The whole sportswashing effort was summed up by Liv golf cheerleader Greg Norman when asked about the Saudis’ role in the butchery of journalist Jamal Khashoggi.

“Look, we’ve all made mistakes and you just want to learn from those mistakes and how you can correct them going forward,” he said straight-faced.

So why, given the rich array of barbarians, pick on tiny Qatar?

It’s the timing angels.

World stage

It’s the pandemic and the reckoning with racism and systemic injustice evoked by the Black Lives Matter campaign that empowered and emboldened the players – the indispensable, articulate stars turned activists, with their millions of global social media followers. Eight national team captains in Qatar including England’s Harry Kane will wear rainbow armbands. They risk ridicule or career damage, or worse in the case of Iran’s star striker Sardar Azmoun who attacked the mullahs on Instagram: “Shame on you for so easily killing our people and long live the women of Iran.” The team will show up in Doha because the consequences for not doing so would be fearsome. But they are testing out the world stage in unimaginable ways.

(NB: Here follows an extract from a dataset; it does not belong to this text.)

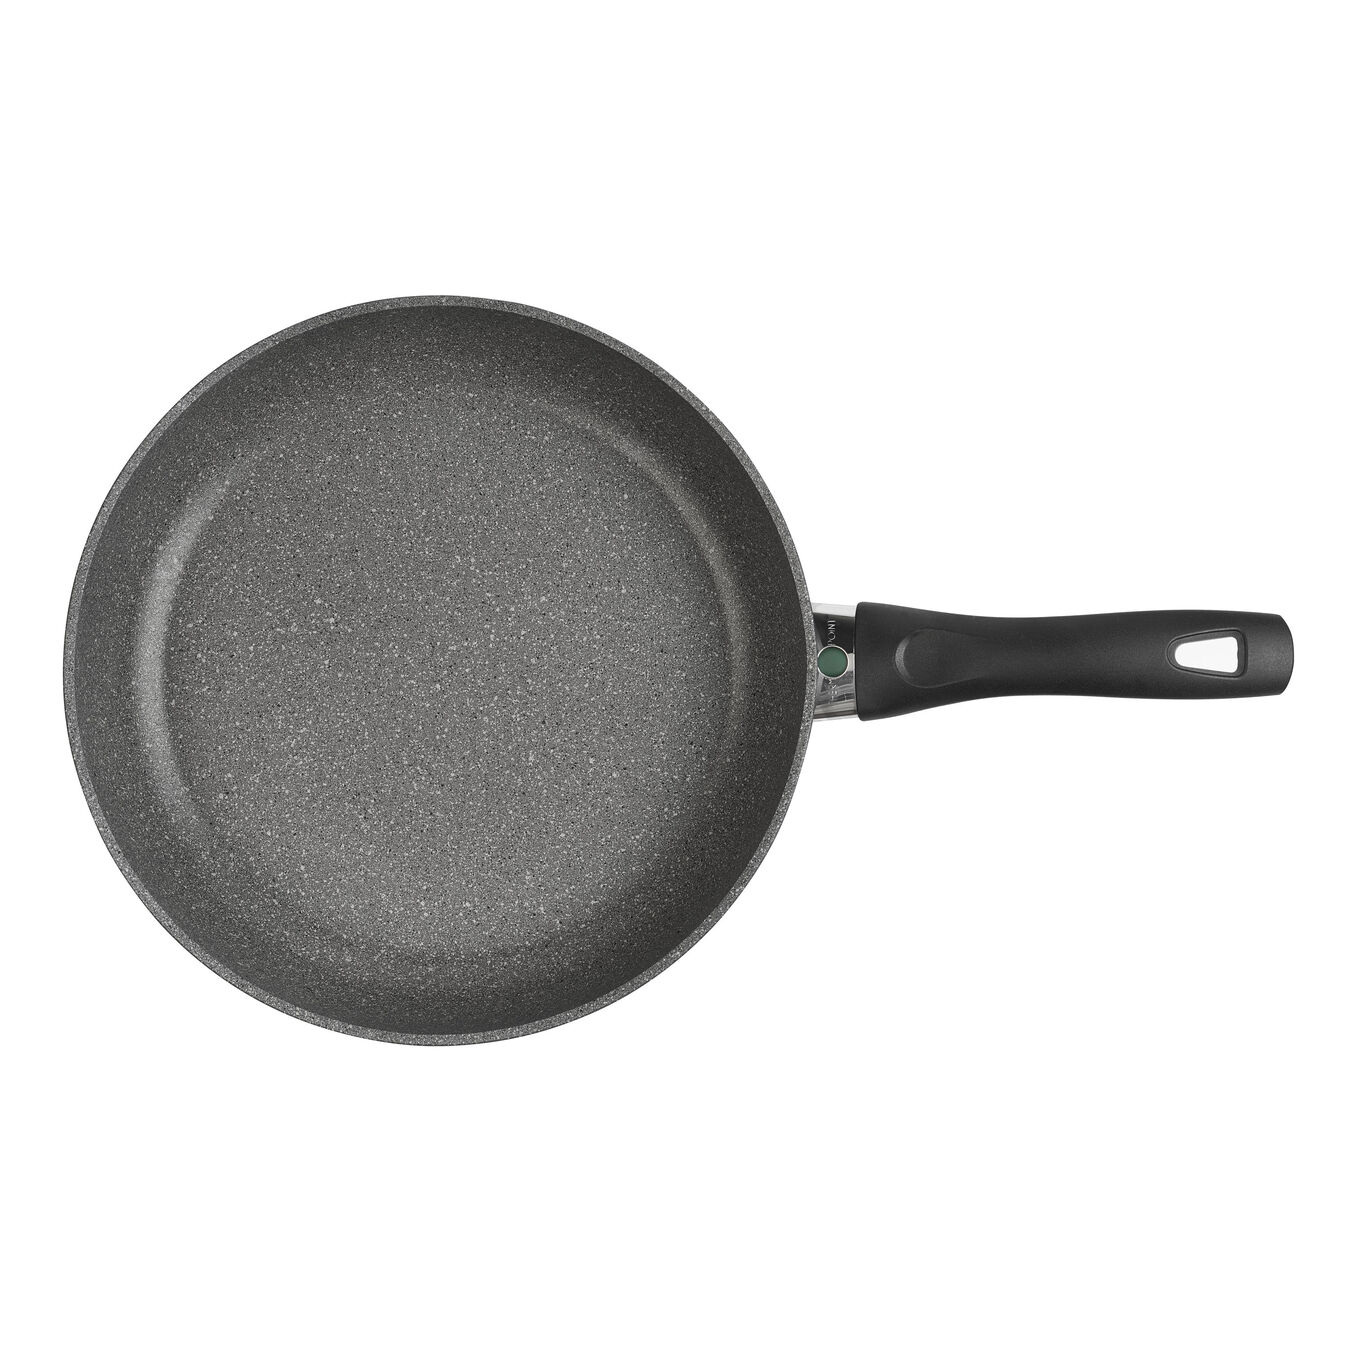  Granitium round 32cm/12.5in frypan pan, grey,,large 2
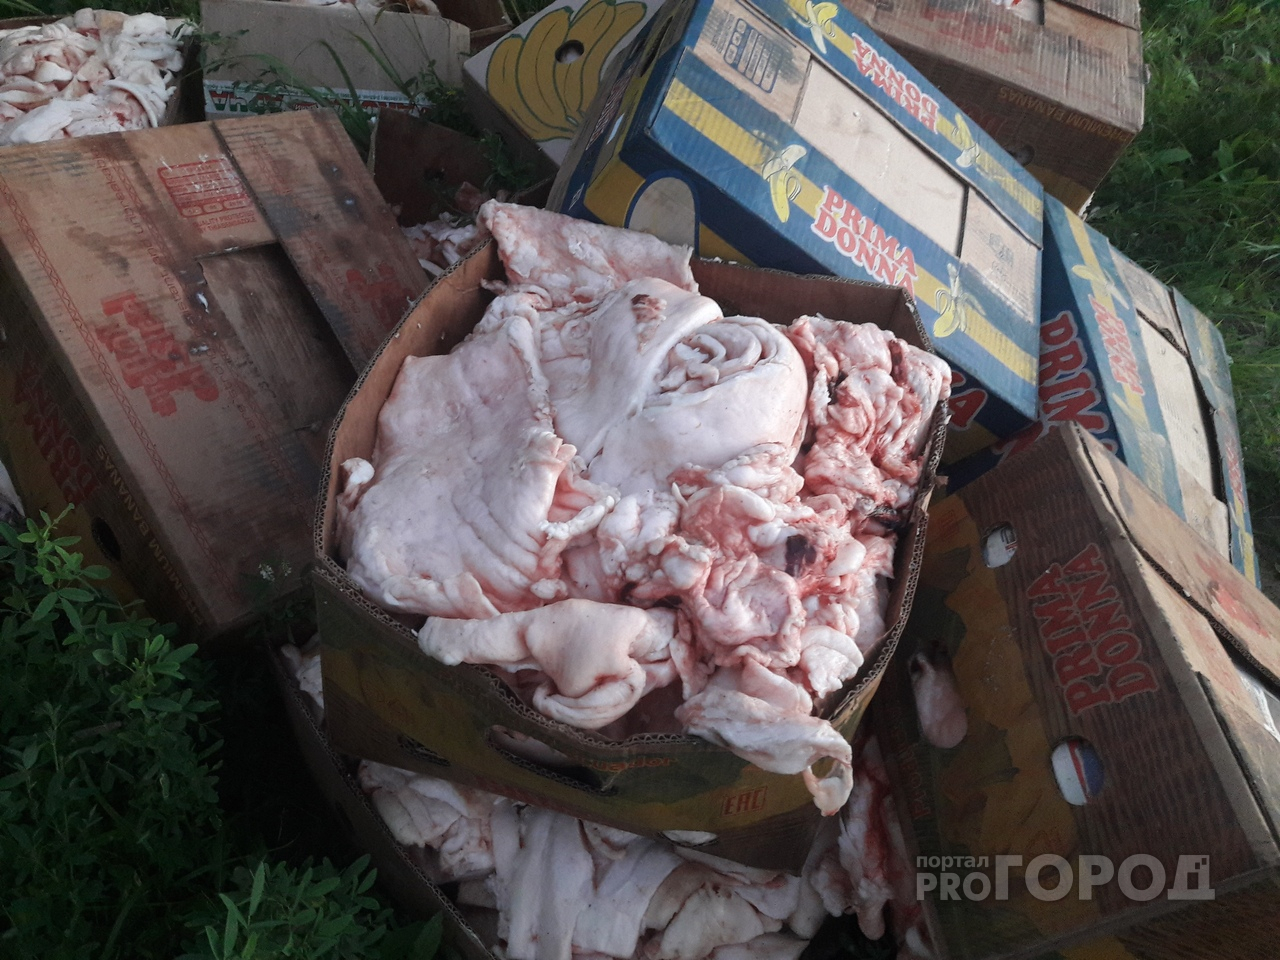 Что грозит «хозяину» мясных отходов, выброшенных на берег Кокшаги в Йошкар-Оле?

It’s not just about the insanity of a Qatar World Cup in a climate crisis or as an affront to human rights. It’s about the heartbreaking abuse of football, the sole truly global sport, as a burnisher of autocrats. It’s the fact that England’s first game is against Iran, a regime that is shooting and battering teenage girls right now while keeping Putin supplied with “kamikaze” drones to murder and maim Ukrainian children. On Tuesday, the Saudi Arabian team will line out as though representing just another football-mad country.

Sportswashing can backfire of course, as Qatar should have known. Members of the Madres de la Plaza de Mayo, a now famous organisation of mothers of Argentina’s disappeared, gratefully acknowledge the media scrutiny around the 1978 World Cup as the catalyst that beamed their plight to their world.

Yet it took five years for Qatar to realise that similar scrutiny was doing it more harm than good and pushed it into labour reforms that have attracted both praise and scepticism. NGOs and unions hold out hope that the regime will fully implement the reforms and safeguard them when the world leaves.

This is where the lines get fudgy and this World Cup could get interesting.

To watch or not to watch? Yes. With caution.